Hadits lain yang juga dinilai dhaif menyebutkan bahwa ketika seseorang meninggal, ruhnya akan bertemu dengan ruh orang-orang yang telah meninggal sebelumnya dan berbicara tentang keadaan keluarga yang masih hidup. Meskipun hadits ini menarik bagi sebagian orang, para ulama hadits menganggapnya tidak cukup kuat untuk dijadikan dasar keyakinan bahwa orang mati masih bisa mendoakan orang hidup.
Sebagai gantinya, Islam mengajarkan bahwa yang lebih utama adalah orang hidup yang mendoakan orang yang telah meninggal. Rasulullah ﷺ sendiri mengajarkan berbagai doa untuk ahli kubur, seperti permohonan ampunan dan rahmat bagi mereka. Dalam banyak hadits shahih, Nabi ﷺ mencontohkan bagaimana seharusnya seorang Muslim berdoa bagi orang yang telah wafat, seperti saat menziarahi kubur atau dalam shalat jenazah.
Selain itu, amal saleh yang dilakukan oleh orang hidup juga dapat menjadi bentuk hadiah pahala bagi orang yang telah meninggal. Misalnya, bersedekah atas nama mereka, membaca Al-Qur’an dengan niat menghadiahkan pahalanya, atau melanjutkan perbuatan baik yang pernah mereka lakukan. Hal ini lebih dianjurkan dalam Islam dibandingkan mengharapkan doa dari orang yang telah meninggal.
Dalam konteks syafaat, hanya orang-orang tertentu yang diberikan izin oleh Allah untuk memberikan syafaat pada hari kiamat, seperti para nabi, para syuhada, dan orang-orang saleh yang mendapatkan kehendak khusus dari Allah.

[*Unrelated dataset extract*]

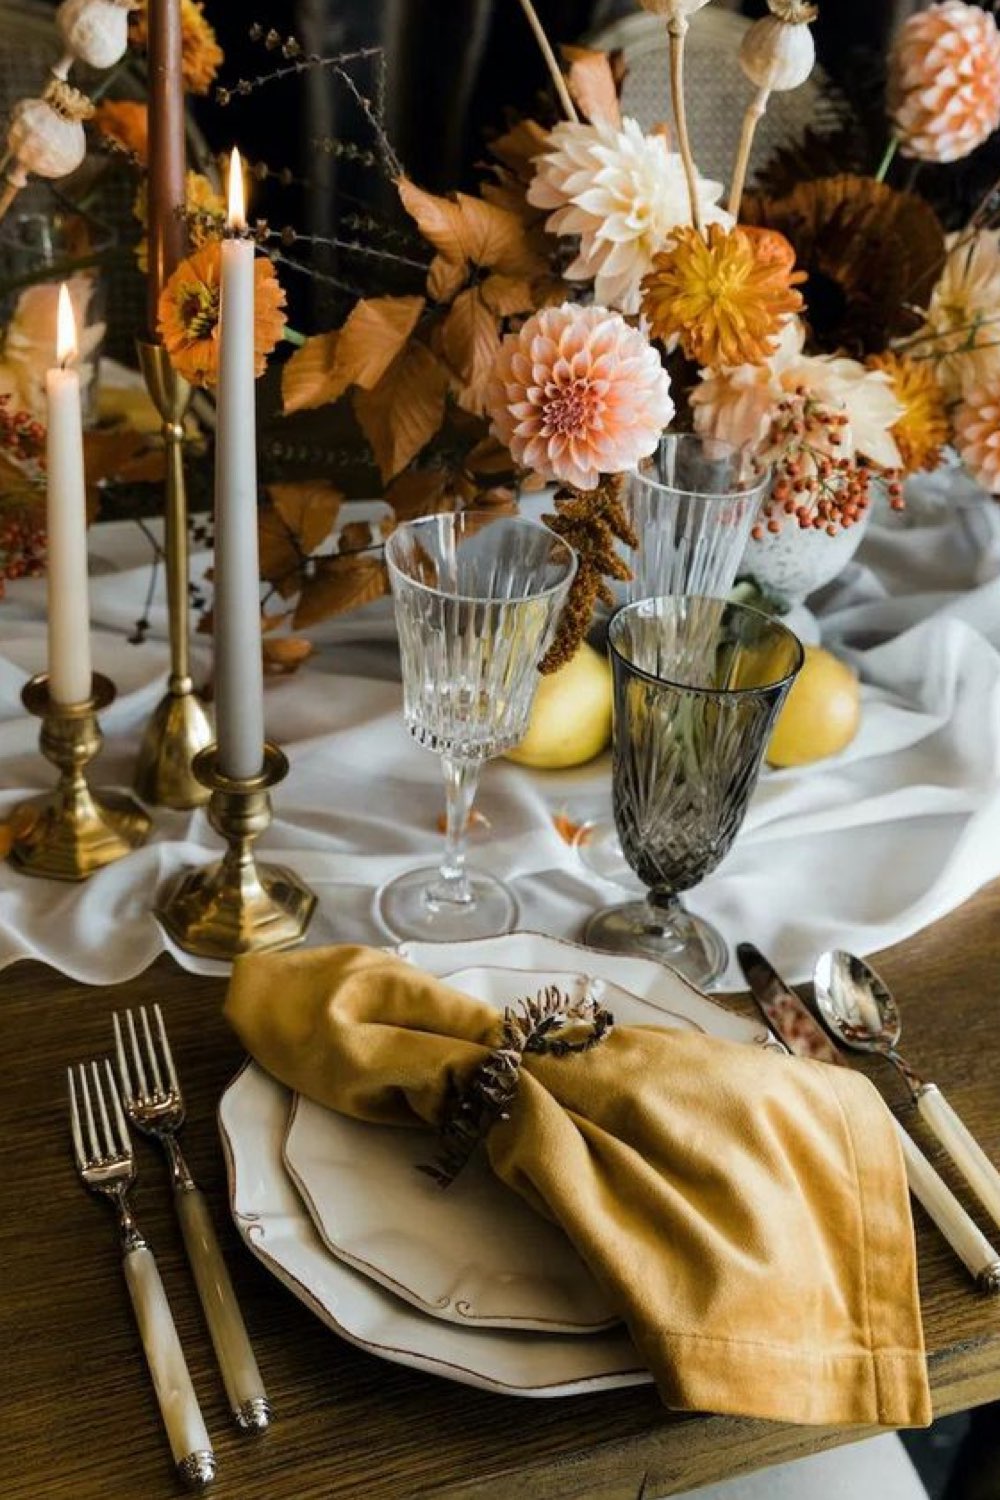 decoration table automne a copier élégante serviette en tissu couleur ocre safran bougies verre en verre fumé fleur orangée

Namun, ini tidak berarti bahwa semua orang mati bisa mendoakan orang yang masih hidup. Syafaat yang diberikan adalah dalam situasi khusus yang Allah tentukan, bukan dalam kehidupan sehari-hari di dunia.
Berdasarkan dalil-dalil yang lebih kuat, orang mati tidak memiliki kemampuan untuk mendoakan orang hidup. Keyakinan bahwa arwah bisa memberi doa atau perlindungan bagi keluarganya setelah meninggal tidak memiliki dasar yang kuat dalam Islam. Yang lebih utama adalah memperbanyak doa untuk mereka dan melakukan amal saleh yang pahalanya bisa sampai kepada mereka.
Umat Islam sebaiknya lebih fokus pada ajaran yang jelas dalam agama, yaitu mendoakan kebaikan bagi orang yang telah meninggal, memohonkan ampunan untuk mereka, serta menjalankan amal kebaikan yang pahalanya bisa menjadi ladang kebaikan bagi mereka di akhirat. Inilah cara terbaik untuk menghormati dan mencintai mereka yang telah mendahului kita.